Software Engineering

Michael Godfrey is investigating software architecture, software evolution, and rapid migration. Software architecture and evolution involves performing detailed case studies of how and why large software systems evolve over time. This work is both labour and compute intensive: initial creation of architectural models is done manually, but the extraction of evolutionary histories of large systems is automated, hierarchically organizes millions of "facts" and subsequently allowing complex queries on the histories. A recent study on the growth of the Linux operating system kernel is typical of this work; this case study examined 96 versions of the Linux kernel comprising over 87 million lines of code in total.

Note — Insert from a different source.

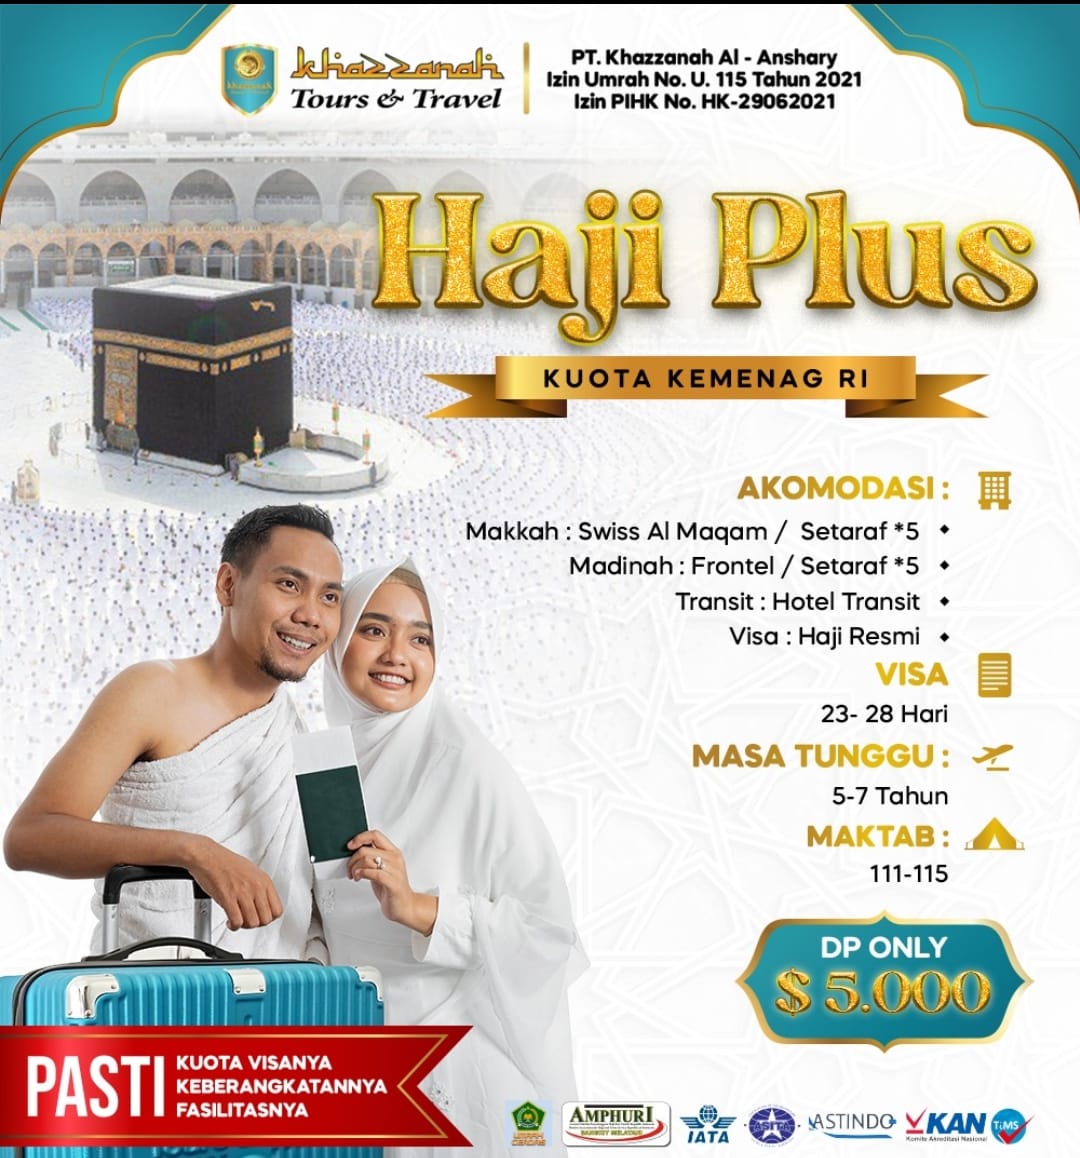 Paket Haji Khusus Kuota Kemenag RI Termurah

Ongoing projects include analysis of the history of the gcc compiler and the vim text editor; future projects will include commercially developed systems, such as the StarOffice toolsuite.

Ric Holt's research concentrates on extracting and viewing the architectures of large productions systems, such as Linux and Netscape. Once a software system reaches a certain size, around 300,000 lines of code, the architecture of the software becomes a central help or hindrance in further development and maintenance. The hierarchy in the architecture is commonly diagrammed as a nested set of box and arrow diagrams. The boxes represent components of the software system and the edges represent interactions. Extracting and viewing the architectures is done by parsing the system's source code and emitting it as a huge graph, with hundreds of thousands of edges, where the edges represent "calls" and "data references". To this is added the "contain relation", giving the system hierarchy. This huge graph is manipulated using Tarski's algebra of typed graphs, to produce various abstractions, such as a simple high-level view of the top-level components. A web-based Java applet is used to visualize and navigate among the resulting views.